To study the wind pressure distribution characteristics of long-span roofs of airport terminals at different mountain heights in mountainous areas, a rigid model wind tunnel pressure measurement test of airport terminals roofs at mountain heights of 0 m, 30 m, 60 m, and 90 m was conducted to compare and analyze the effects of the heights on the surface mean and pulsating wind pressure, non-Gaussian characteristics of pulsating wind pressure, peak factor, and extreme wind pressure of the roof surface. The results show that the increase in mountain height significantly increases the mean and fluctuating wind pressure coefficient at the windward leading edge of the roof, and also intensifies the degree of flow separation at the leading edge of the roof.
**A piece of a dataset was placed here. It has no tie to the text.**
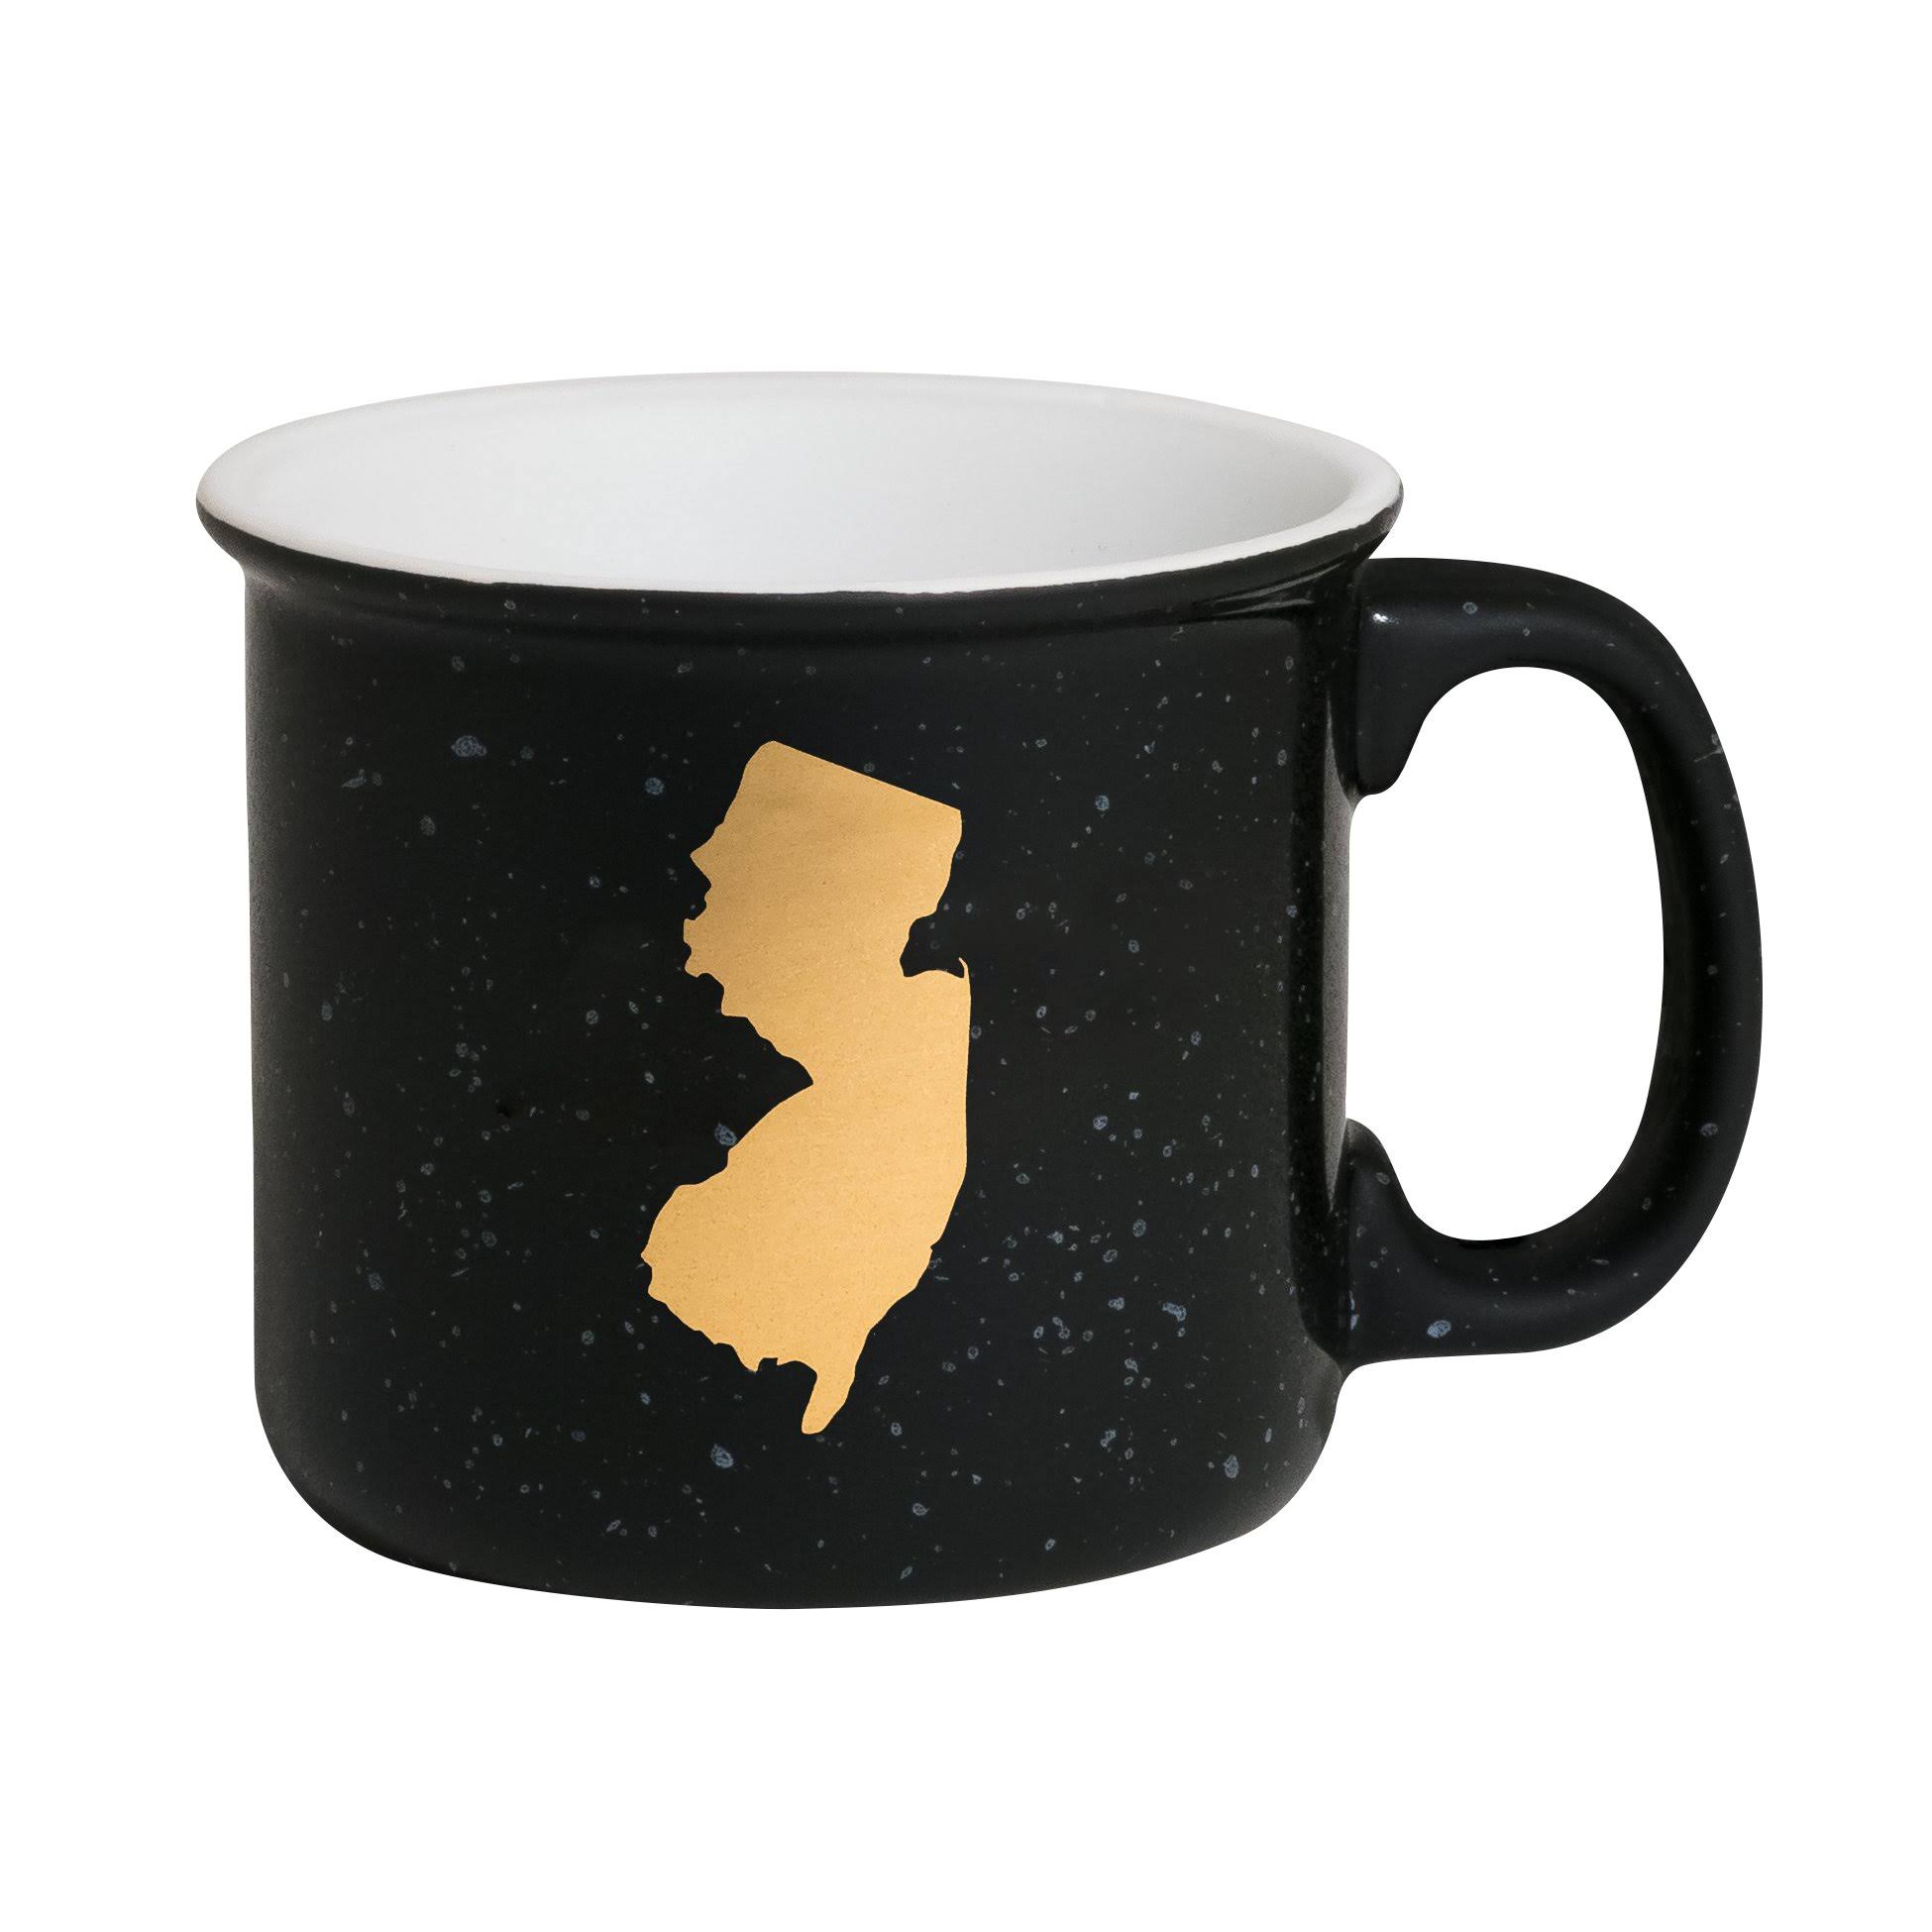 About Face Designs 186609 State of New Jersey Stoneware Coffee Mug 13.5 oz. Black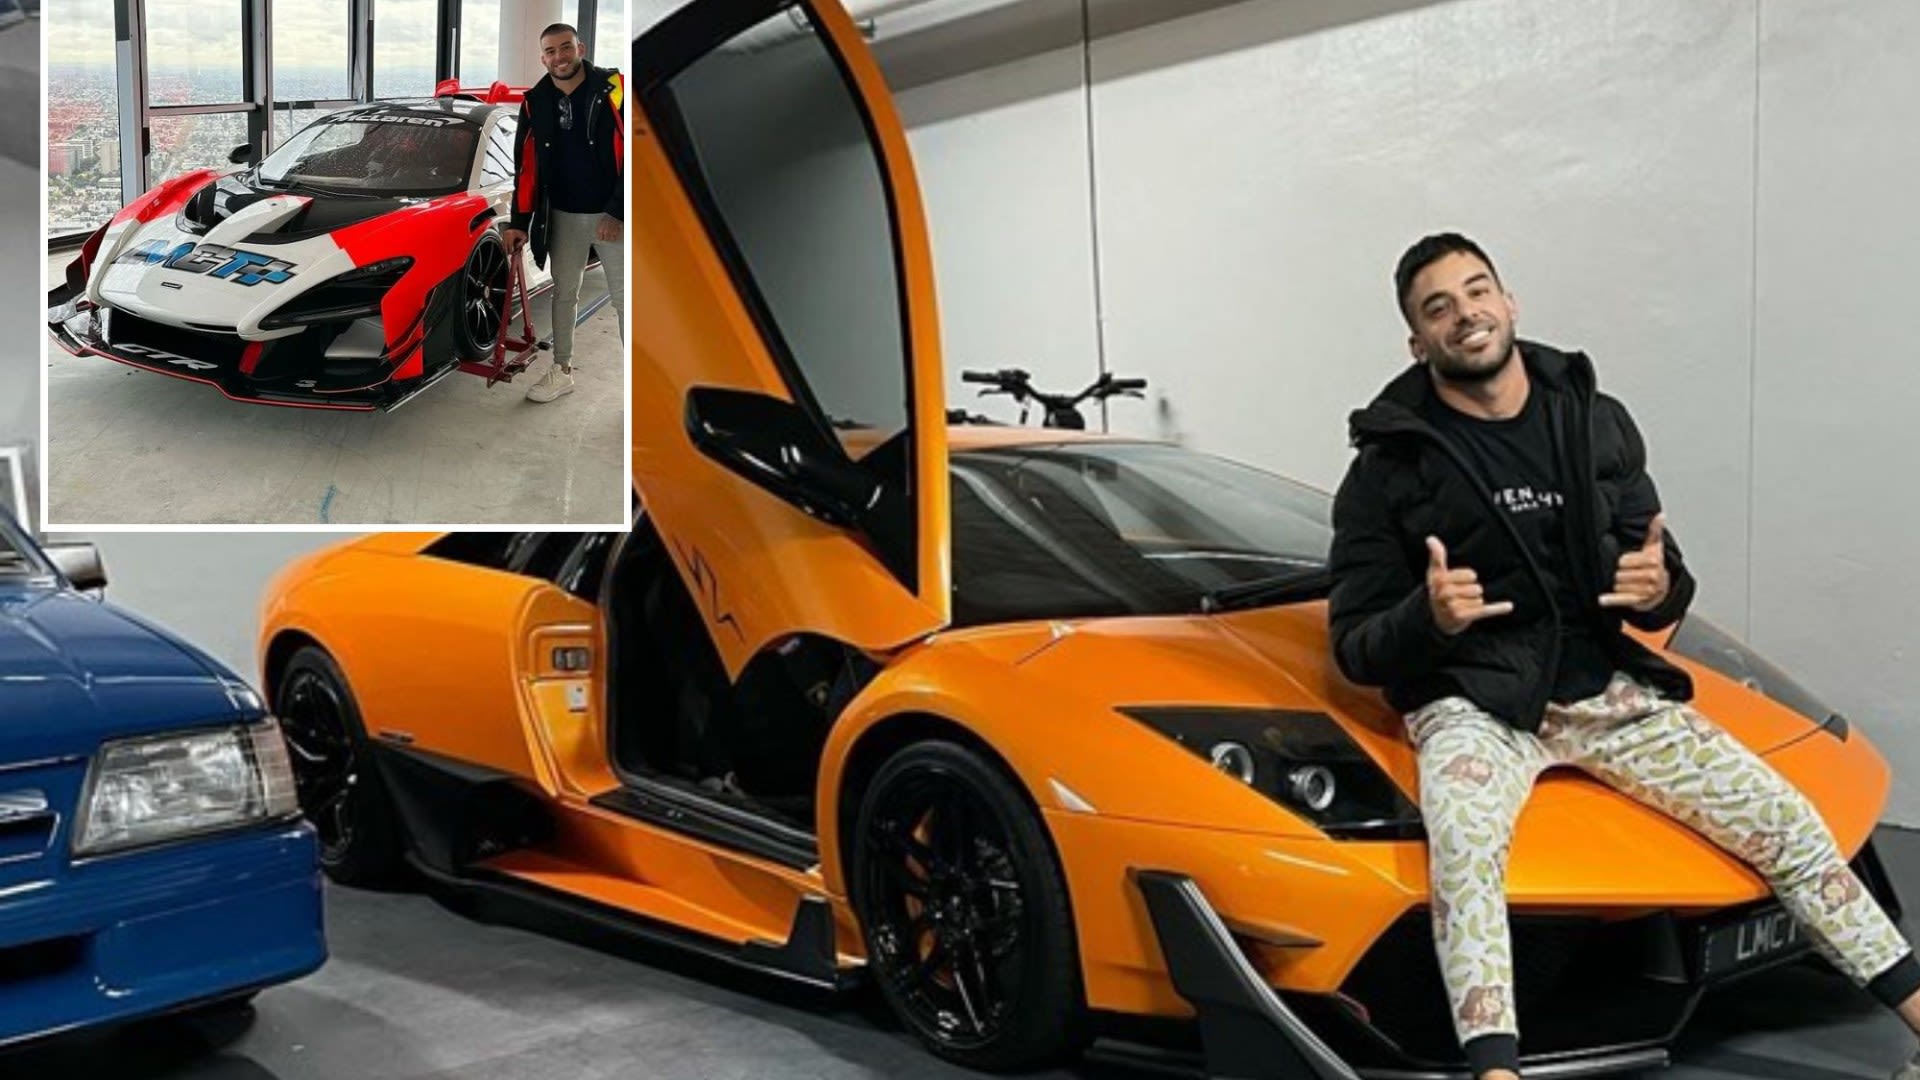 Inside billionaire's car collection from £1m McLaren hypercar to dune buggy

This causes the skewness, kurtosis, and probability density function of the fluctuating wind pressure at the windward leading edge of the roof to deviate significantly from the standard Gaussian distribution, exhibiting strong non-Gaussian characteristics. At the same time, the Hermite moment model was used to calculate the peak factor, and it was found that the peak factor of most measuring points on the roof surface was mainly distributed in the range of 3.5~4, which was much higher than the recommended value of 2.5 in GB 50009—2012. The extreme wind pressure value at the front edge of the roof also increased with the increase of the mountain height, and there was a similar variation pattern at the edge of the roof under all wind directions. Among them, the most unfavorable extreme negative pressure on the roof surface at a mountain height of 90m decreased by 44.9% compared to the 0m mountain height. Research can provide useful suggestions and references for the design and construction of terminals in similar airports.